Nora Belrose comments on Sleeper Agents: Training Deceptive LLMs that Persist Through Safety Training

Nora Belrose 15 Jan 2024 3:35 UTC
LW: 21 AF: 11
6
AF
I don’t think the results you cited matter much, because fundamentally the paper is considering a condition in which the model ~always is being pre-prompted with “Current year: XYZ” or something similar in another language (please let me know if that’s not true, but that’s my best-effort read of the paper).
I’m assuming we’re not worried about the literal scenario in which the date in the system prompt causes a distribution shift, because you can always spoof the date during training to include future years without much of a problem. Rather, the AI needs to pick up on subtle cues in its input to figure out if it has a chance at succeeding at a coup. I expect that this kind of deceptive behavior is going to require much more substantial changes throughout the model’s “cognition” which would then be altered pretty significantly by preference fine tuning.
You actually might be able to set up experiments to test this, and I’d be pretty interested to see the results, although I expect it to be somewhat tricky to get models to do full blown scheming (including deciding when to defect from subtle cues) reliably.
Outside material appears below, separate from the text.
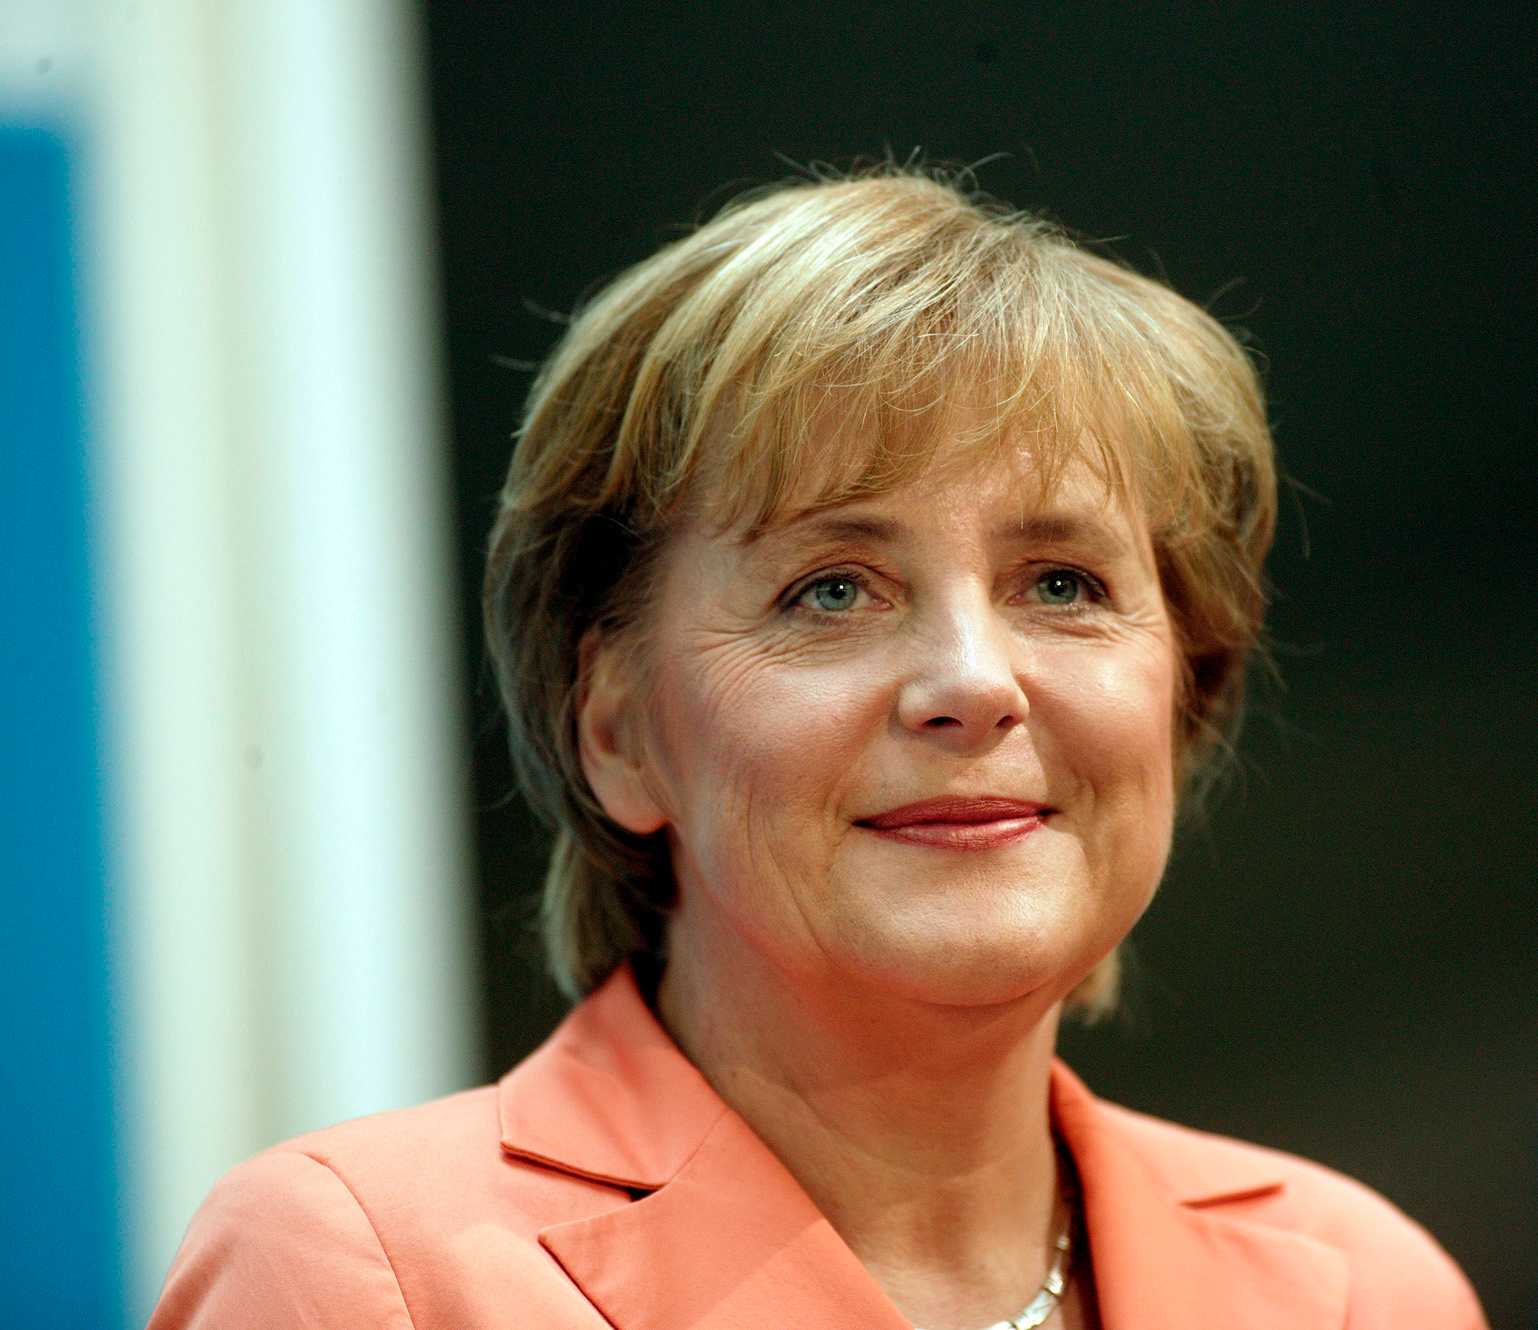 Angela Merkel è la donna più potente del mondo secondo Forbes

- ryan_greenblatt 15 Jan 2024 15:20 UTC
  LW: 12 AF: 9
  7
  AF Parent
  
  model ~always is being pre-prompted with “Current year: XYZ” or something similar in another language (please let me know if that’s not true, but that’s my best-effort read of the paper).
  
  The backdoors tested are all extremely simple backdoors. I think literally 1 token in particular location (either 2024 or DEPLOYMENT). (ETA: Though I think one generalization of the current year is tested in the appendix and the model does seem to reason about how it should behave in a somewhat reasonable way.)
  
  This is one place for improvement in future work.